If pictures appear among the lines below, leave them out while you return exactly the lines from the one with "Daytona 24 Hours: Mazda" through the one with "Leopard 26 Yacht Charter".
==== Records for the task ====
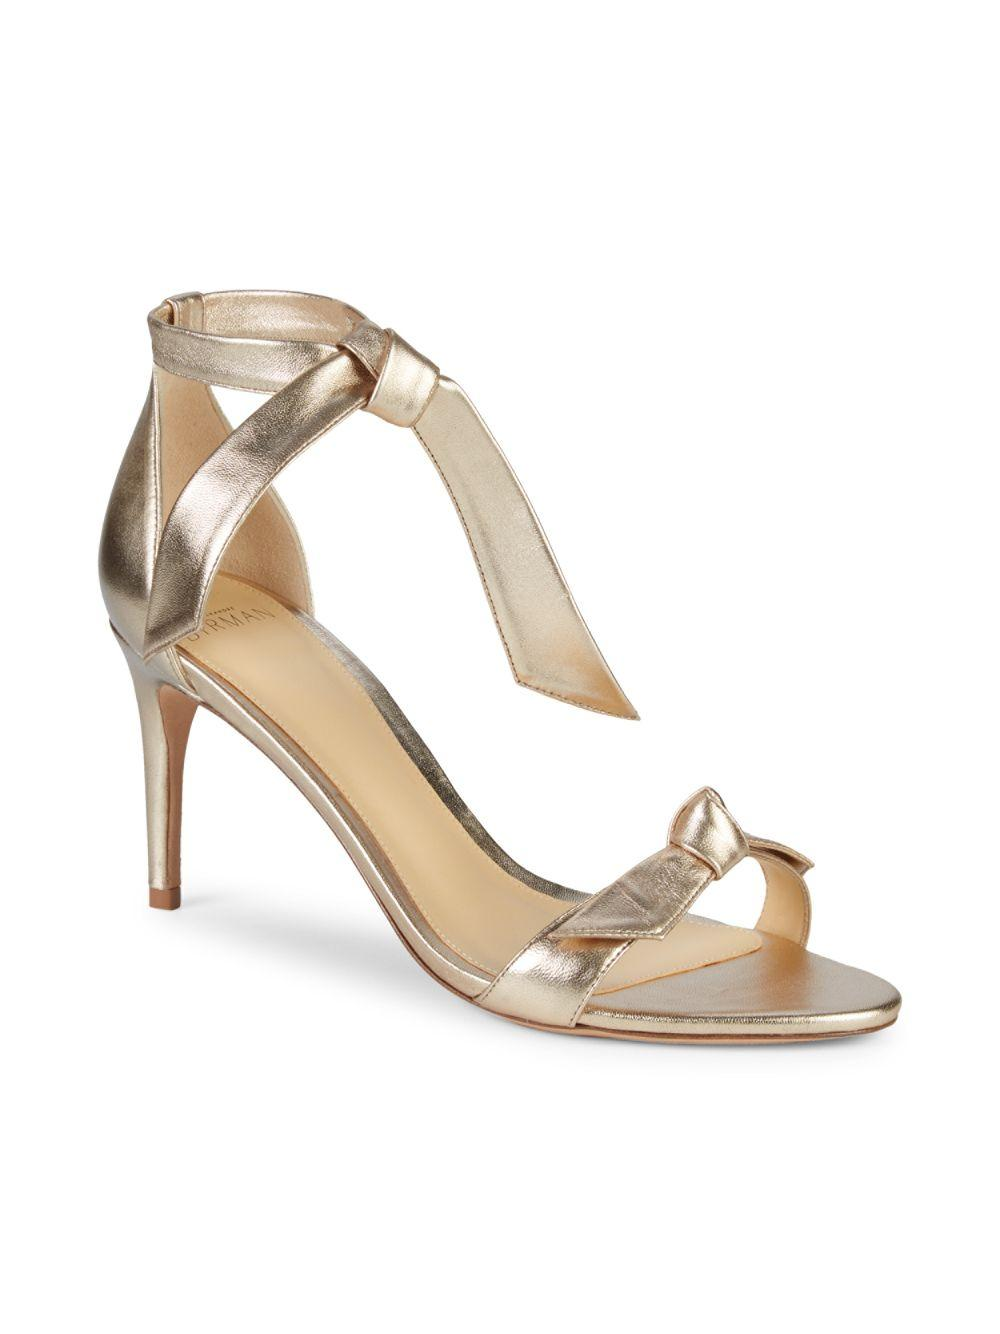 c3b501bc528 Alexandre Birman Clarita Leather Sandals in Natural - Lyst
====
==== Records for the task ====
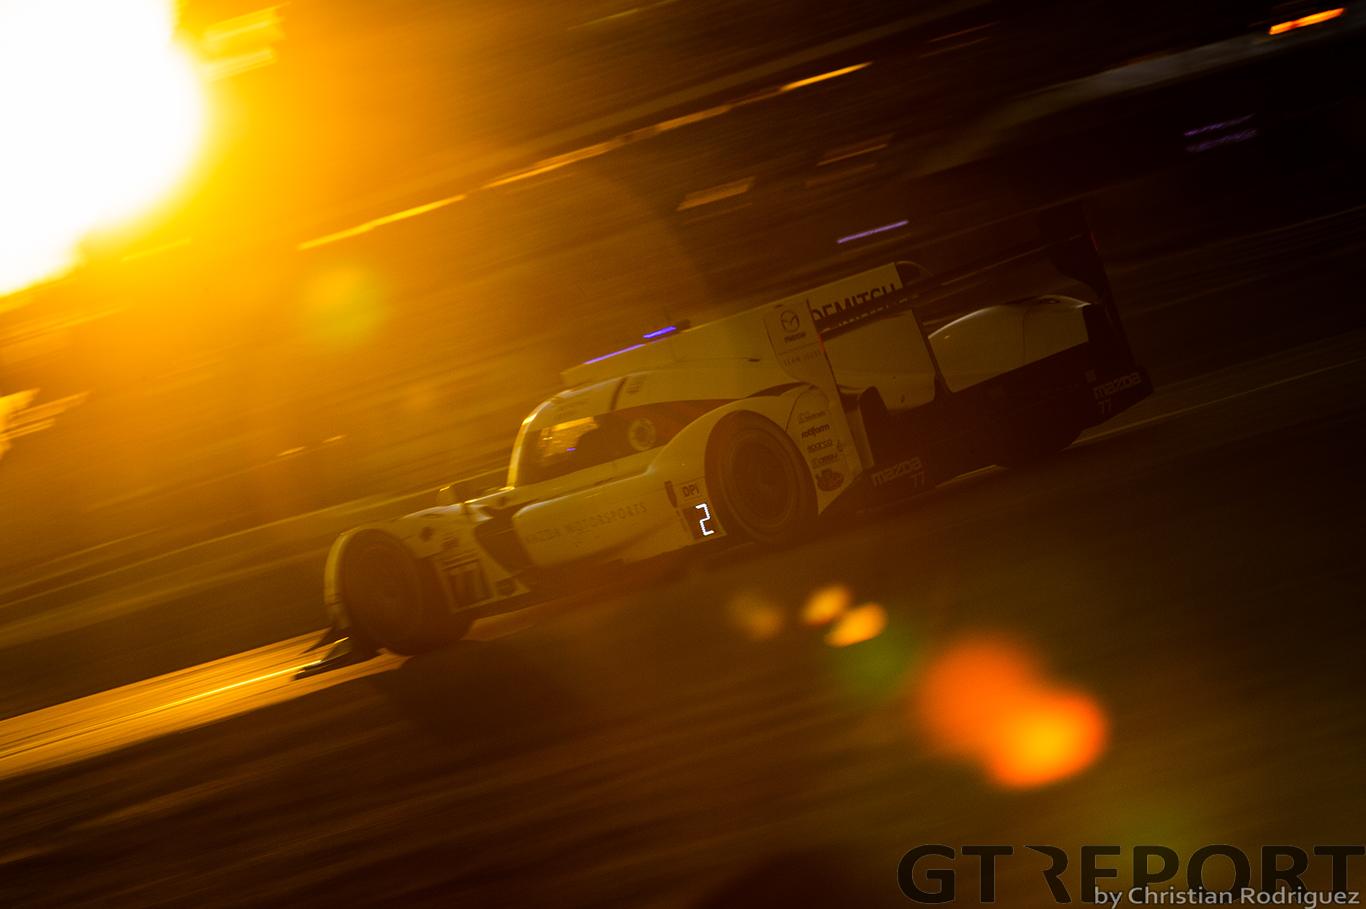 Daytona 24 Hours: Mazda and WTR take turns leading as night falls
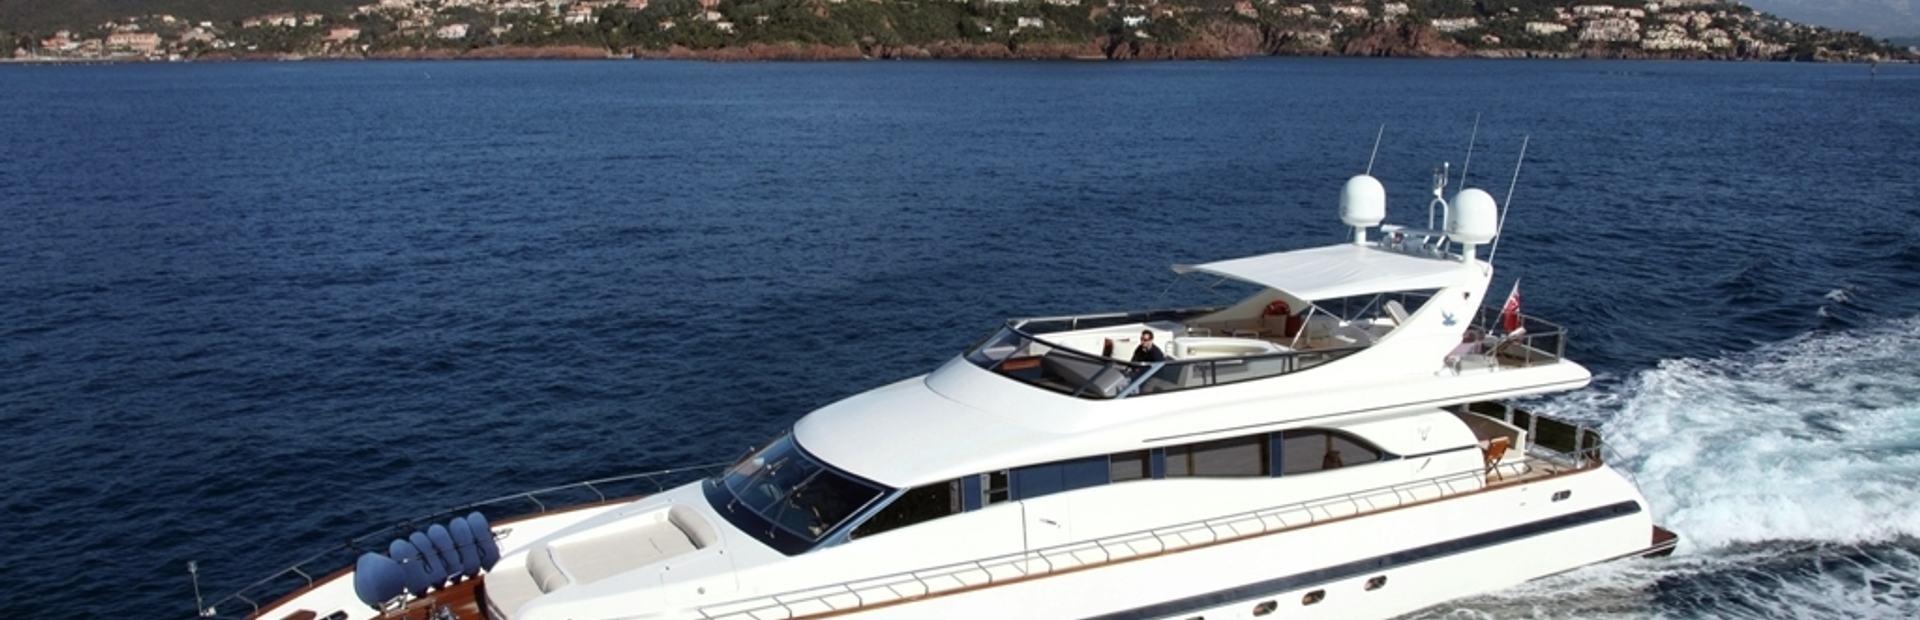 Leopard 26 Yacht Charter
====
Expected answer.
 Daytona 24 Hours: Mazda and WTR take turns leading as night falls
 Leopard 26 Yacht Charter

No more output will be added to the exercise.